Ikal navigates the challenges of school, first love, and the first brutal strokes of reality. The film captures the spirit of youthful innocence and brings back memories of the carefree days of childhood. A traveling circus brings a touch of mysticism, featuring wizards, rabbits in hats, and fearless acrobats to the Mexican countryside. In many ways, “Where The Tracks End” harks back to the beloved children’s movies of the 90s, like “The Little Princess,” “Jumanji,” and “Pee Wee’s Big Adventure.”

The film’s cinematography [dp: Juan Pablo Ramírez] is nothing short of beautiful, capturing the essence of the Mexican countryside with its sweeping landscapes and vibrant colors. People’s close connection to nature is a significant focus throughout the movie, emphasizing the importance of respecting the environment and living in harmony with it. Complementing the stunning visuals is a soothing and playful soundtrack by Gus Reyes and Andrés Sánchez that enhances the story.

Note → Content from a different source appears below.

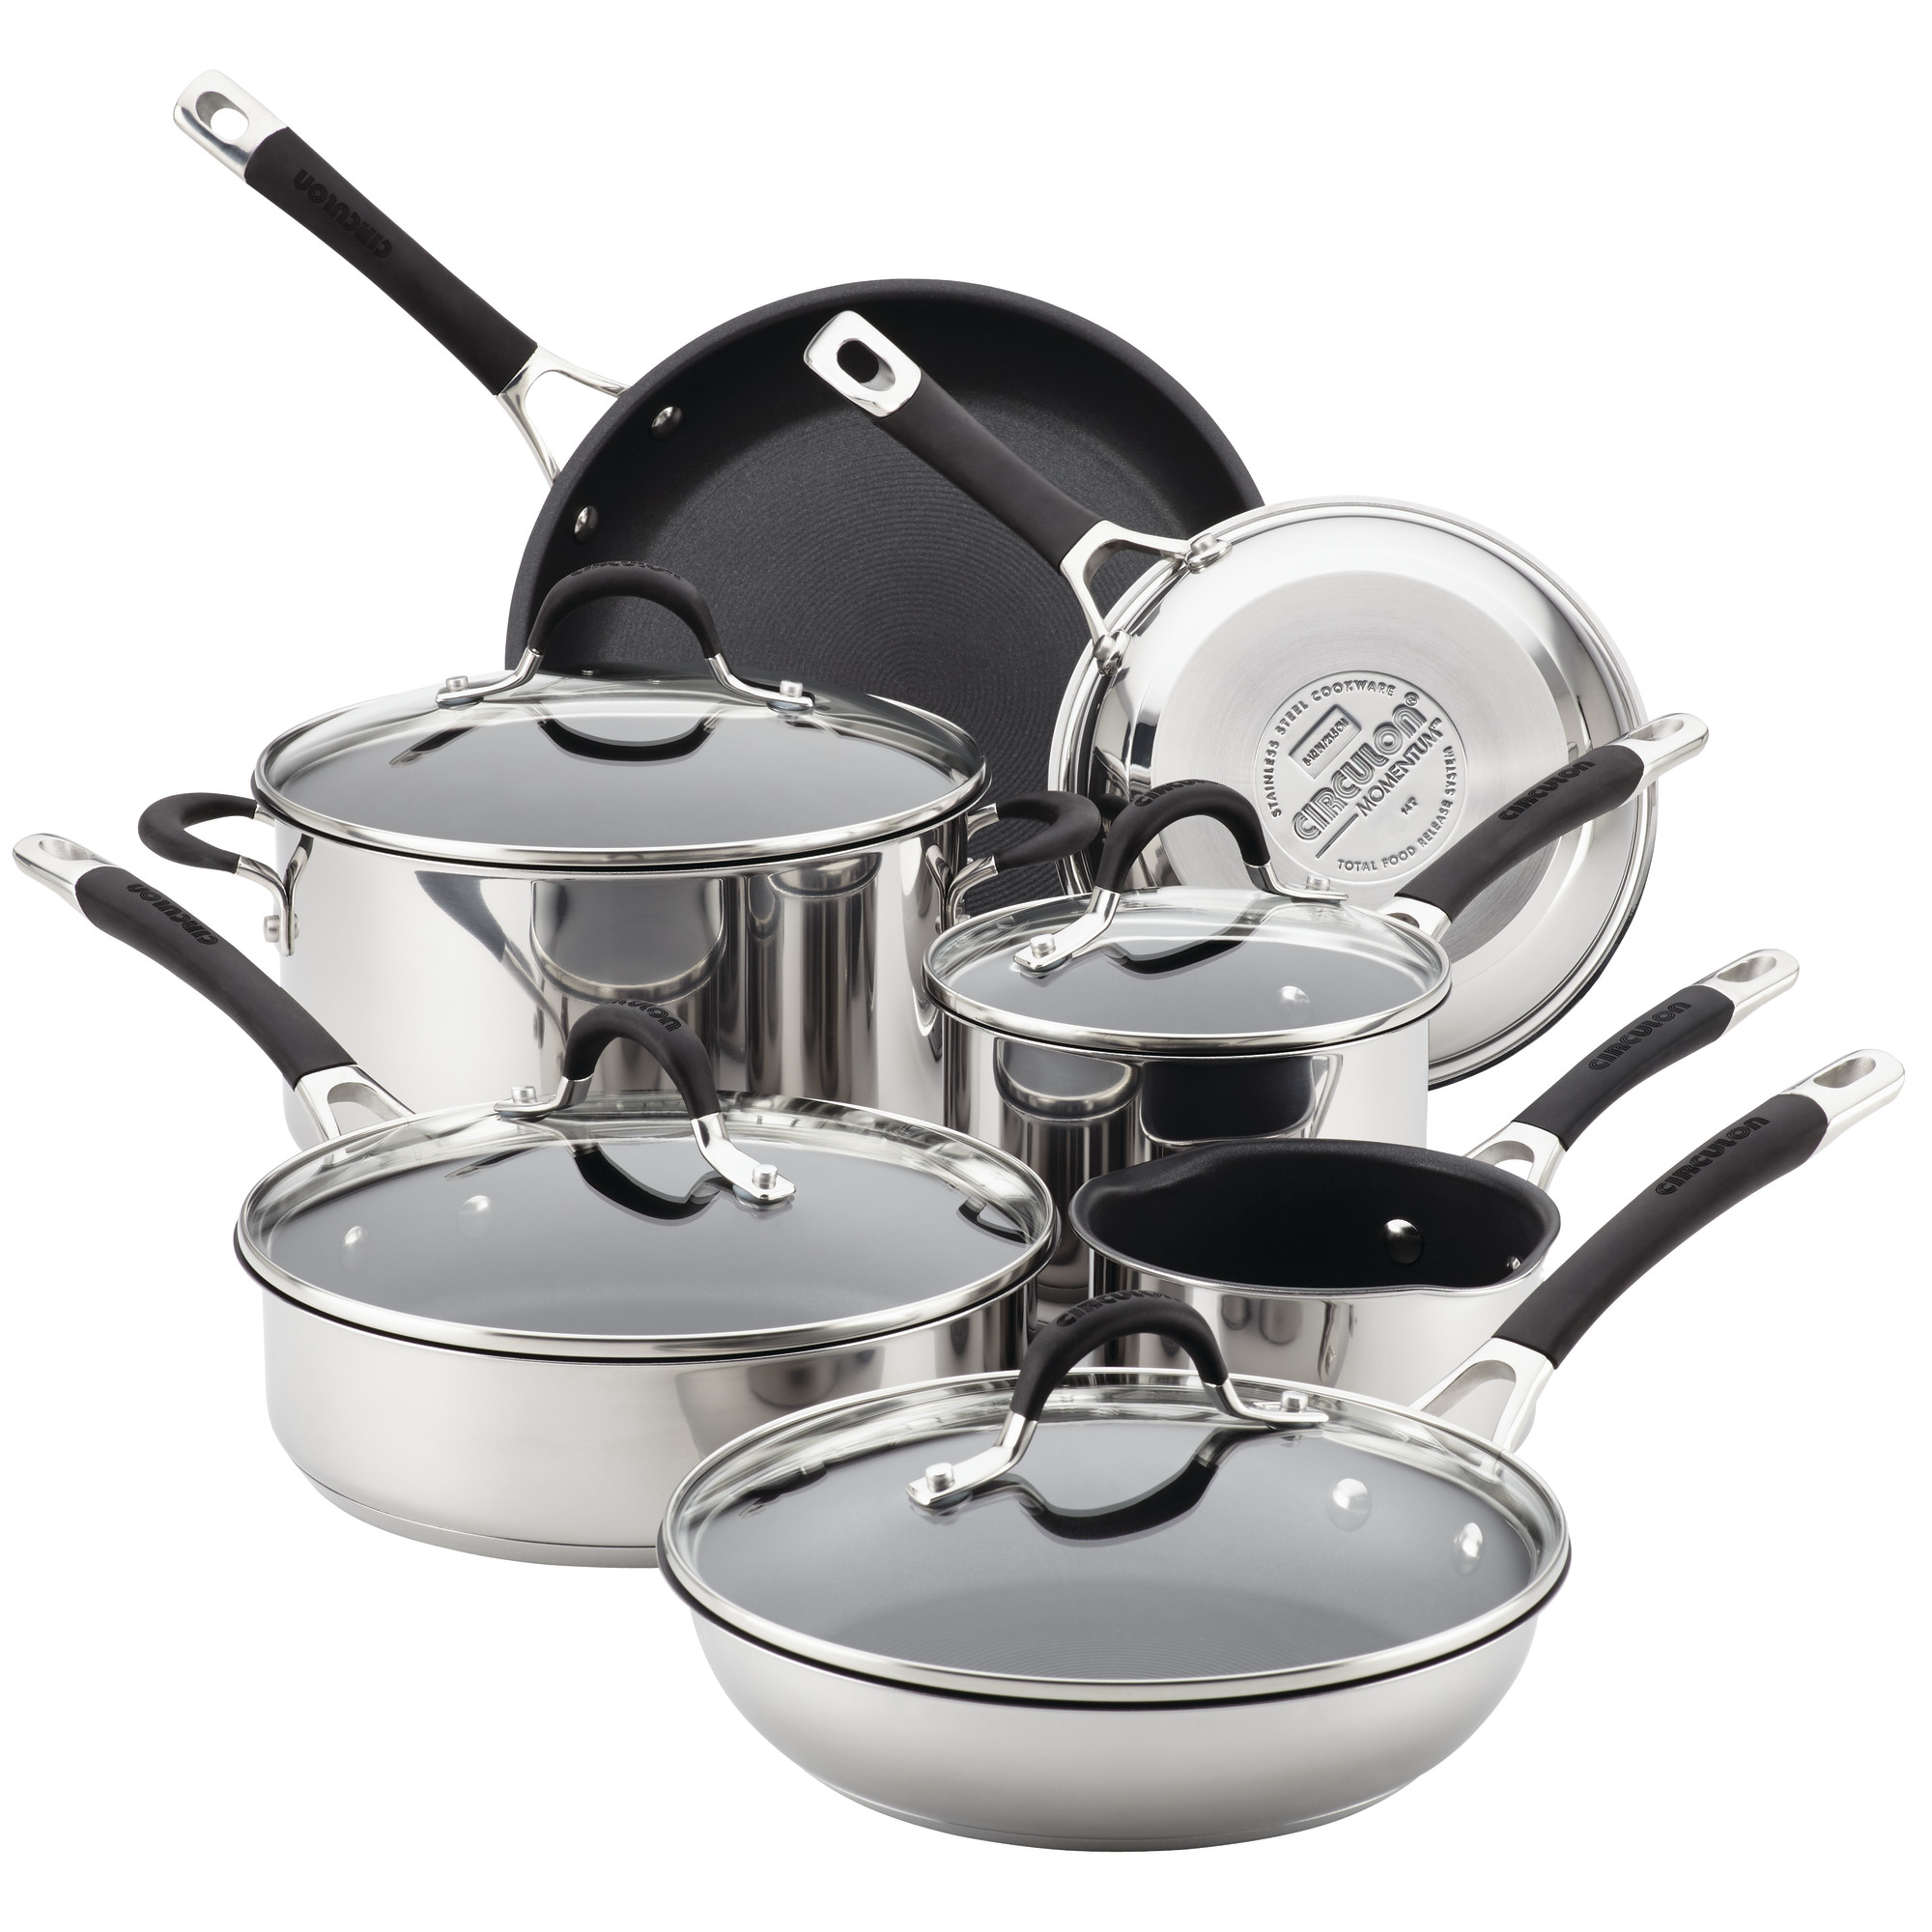 Circulon 11 Piece Momentum Stainless Steel Nonstick Pots and Pans - image 1 of 7

Besides the personal storylines, the film also presents a compelling social backdrop. The desire for a better life and dreams of reaching the USA permeate the conversations among the children in the village. The filmmakers effectively depict the societal inequality and the stark reality that many families face. The closing of small, local schools as part of a government plan for education modernization adds depth to the narrative, emphasizing the importance of education in shaping a nation’s future.

The standout performance by the young lead actor, Kaarlo Isaac, brings Ikal’s character to life with nuance and sensitivity. Through the parallel storyline of teacher Georgina, played by Adriana Barraza, the film highlights the transformative power of education. The relationship between Georgina and Ikal becomes the heart of the plot, showcasing the miracles that inspiring teachers can perform in the lives of their students. In one of the most heartwarming scenes, Ikal tells teacher Georgina that he dreams of becoming a teacher himself.

Contreras’s love for symbolism is evident throughout the movie, there is a strong connection between railroads and the journey of growing up, the railroads and Mexican reality. In this day and age, there is definitely a great need for more kid-friendly movies like this that can educate, uplift and marvel children and grown-ups alike.

„Where The Tracks End” streams on Netflix.